Train the Model

You can use the LISAHotspotClustering class for identifying clusters and outliers. It internally performs all the analysis done so far, calculating the Local Moran’s I for each observation in the dataset and assigns them to the corresponding quadrant.

Depending on the build parameters, some observations can be labeled with –1 (undefined). For example, in the following code, setting the max_p_value=0.05 parameter causes all observations with a p-value greater than 0.05 to be labeled with –1 in order to keep only statistically significant values.
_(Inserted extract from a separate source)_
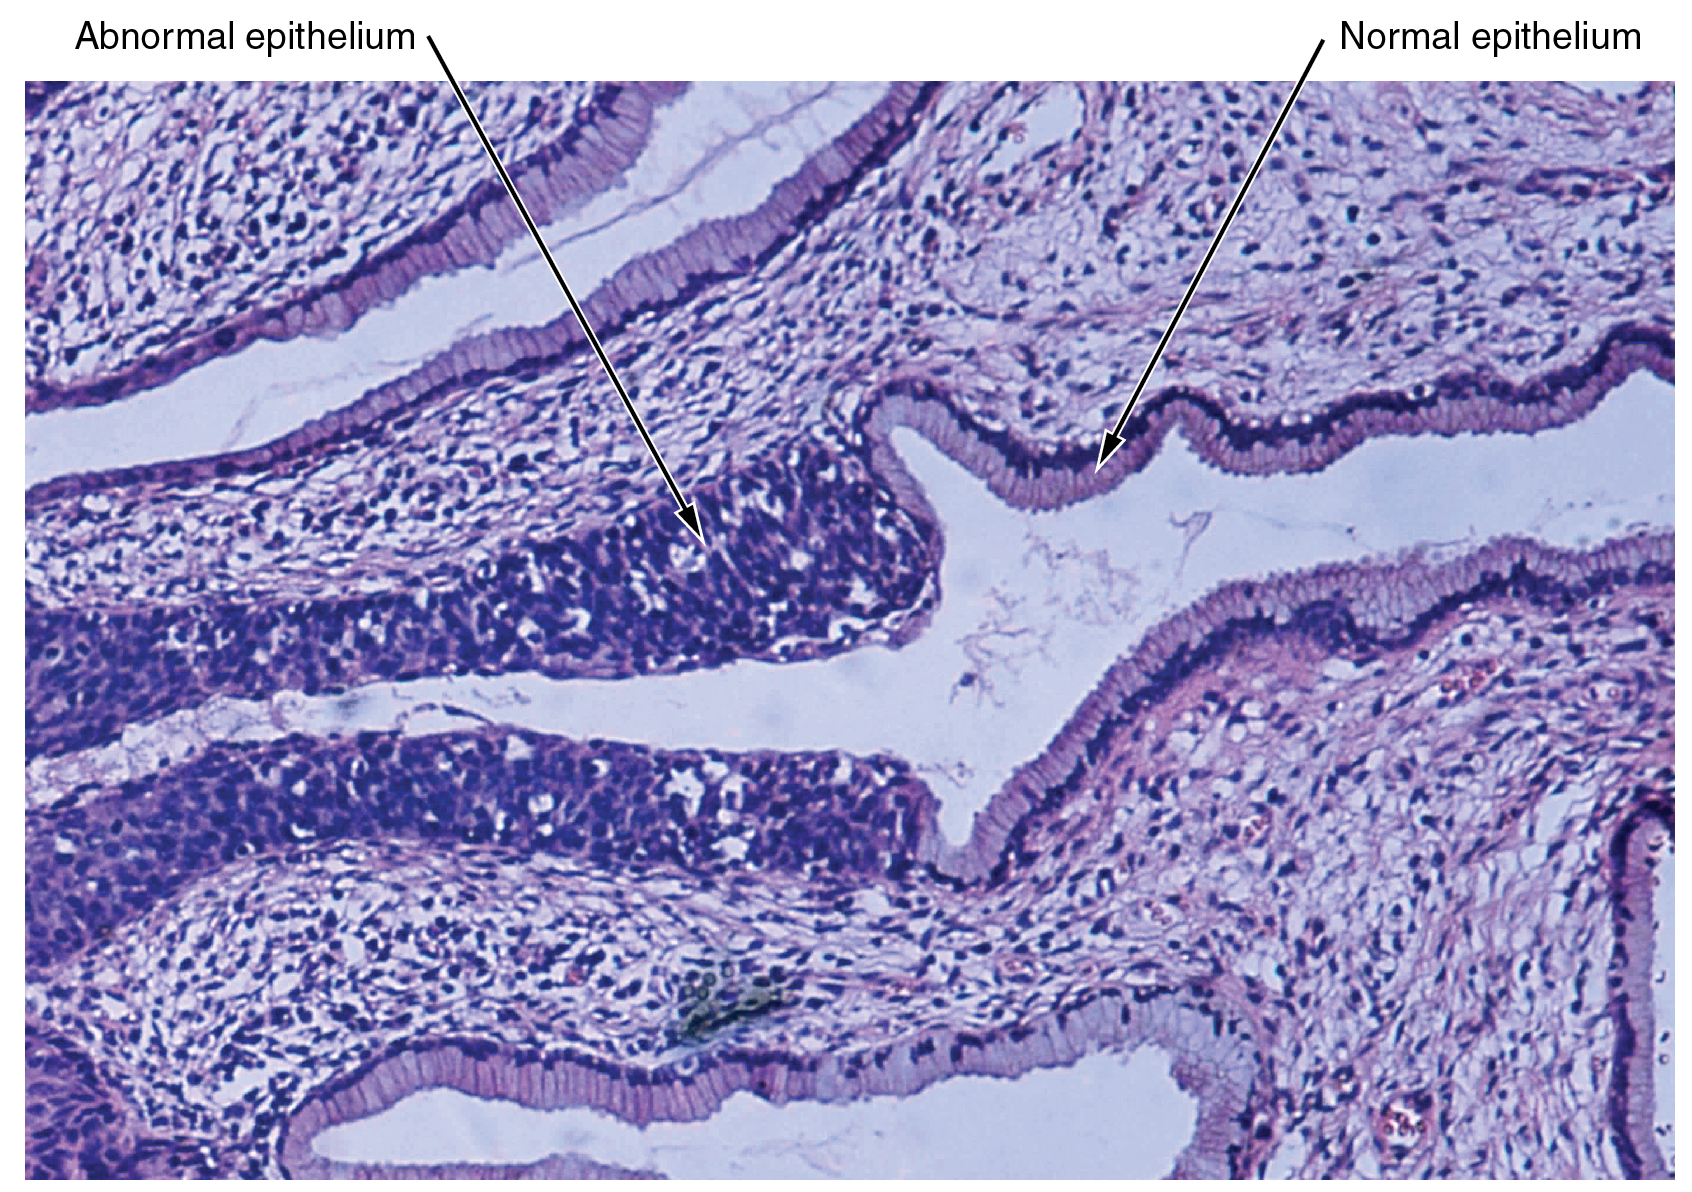 400_Micrograph_of_Cervical_Tissue_updated.jpg

from oraclesai.clustering import LISAHotspotClustering
 
# Create an instance of LISAHotspotClustering
lisa_model = LISAHotspotClustering(column="MEDIAN_INCOME",
                                   max_p_value=0.05,
                                   spatial_weights_definition=weights_definition)
 
# Train the model
lisa_model.fit(X)
 
# Print the labels
lisa_labels = lisa_model.labels_
print(f"labels = {lisa_labels[:10]}")

The output of the program are the labels or quadrants assigned to the first ten observation of the training set.

labels = [ 2  2  1  1  1  1  1 -1 -1 -1]

Hot spots are labeled with the number 1, while cold spots are labeled with the number 3. To identify only hot and cold spots, perform the following.

import numpy as np

hotcold_labels = np.where(lisa_labels % 2 != 0, lisa_labels, -1)

A spatial outlier is an observation with a value different from its neighbors. These are represented with the label 2 and 4. To identify the spatial outliers, run the following code.

outlier_labels = np.where(lisa_labels % 2 == 0, lisa_labels, -1)